-
A
Complete the pass as quickly as possible
-
B
If there is not enough room to complete the pass safely, return to your lane immediately — do not continue; if continuing is necessary because returning is also unsafe, accelerate to complete the pass quickly and signal the oncoming driver
-
C
Stop in the middle of the road
-
D
Turn on your hazard lights and hope for the best
Why this is the answer
A PASSING EMERGENCY — when an oncoming vehicle appears before your pass is complete — requires rapid decision-making. THE SAFEST PRIMARY ACTION when the situation allows is to ABORT the pass: signal to the vehicle you are passing (flash your lights, signal right); brake to create space to slot back in behind them; return to your lane as quickly and safely as possible.
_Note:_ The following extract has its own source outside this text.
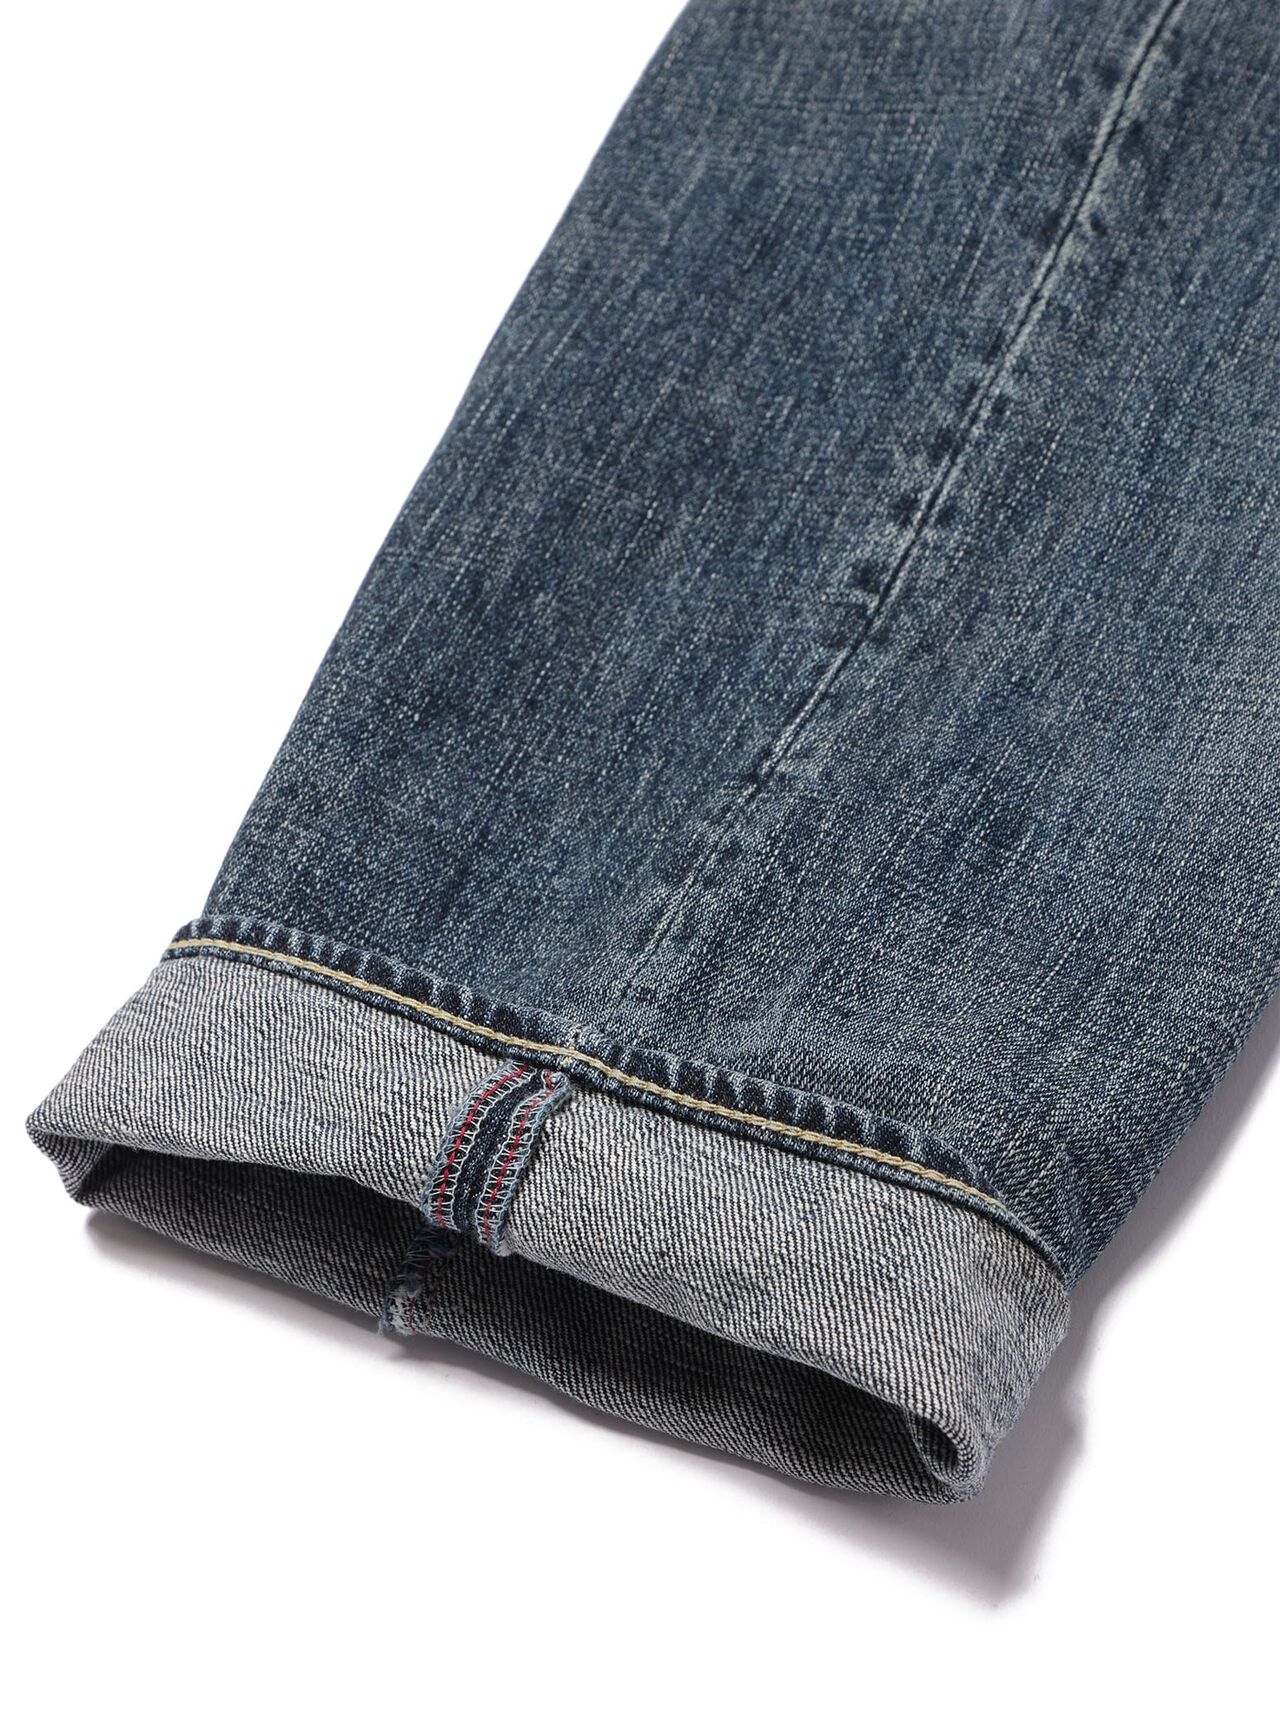 Jeans - Ordinary 22-U2 8 years,, large image number 7

WHY ABORTING IS USUALLY BEST: The oncoming vehicle is closing at the combined speed of both vehicles (e.g., 120 mph relative closing speed if both doing 60 mph); the sooner you create additional time/distance, the better. WHEN COMPLETING THE PASS IS NECESSARY: If you are too far into the pass to safely return (the vehicle you are passing has filled the gap you came from, or your speed and position make returning more dangerous than completing), then: accelerate firmly to complete the pass as quickly as possible; move as far right as practical once in front; the vehicle you've just passed should also reduce speed to create room; acknowledge the oncoming driver's reaction (they may flash lights or brake — keep your path). THE UNDERLYING LESSON: Never begin passing unless you can SEE that the full passing maneuver is possible — that means enough clear sight distance ahead for the entire acceleration, full pass, and return. Many passing crashes happen because drivers began a pass they couldn't evaluate properly.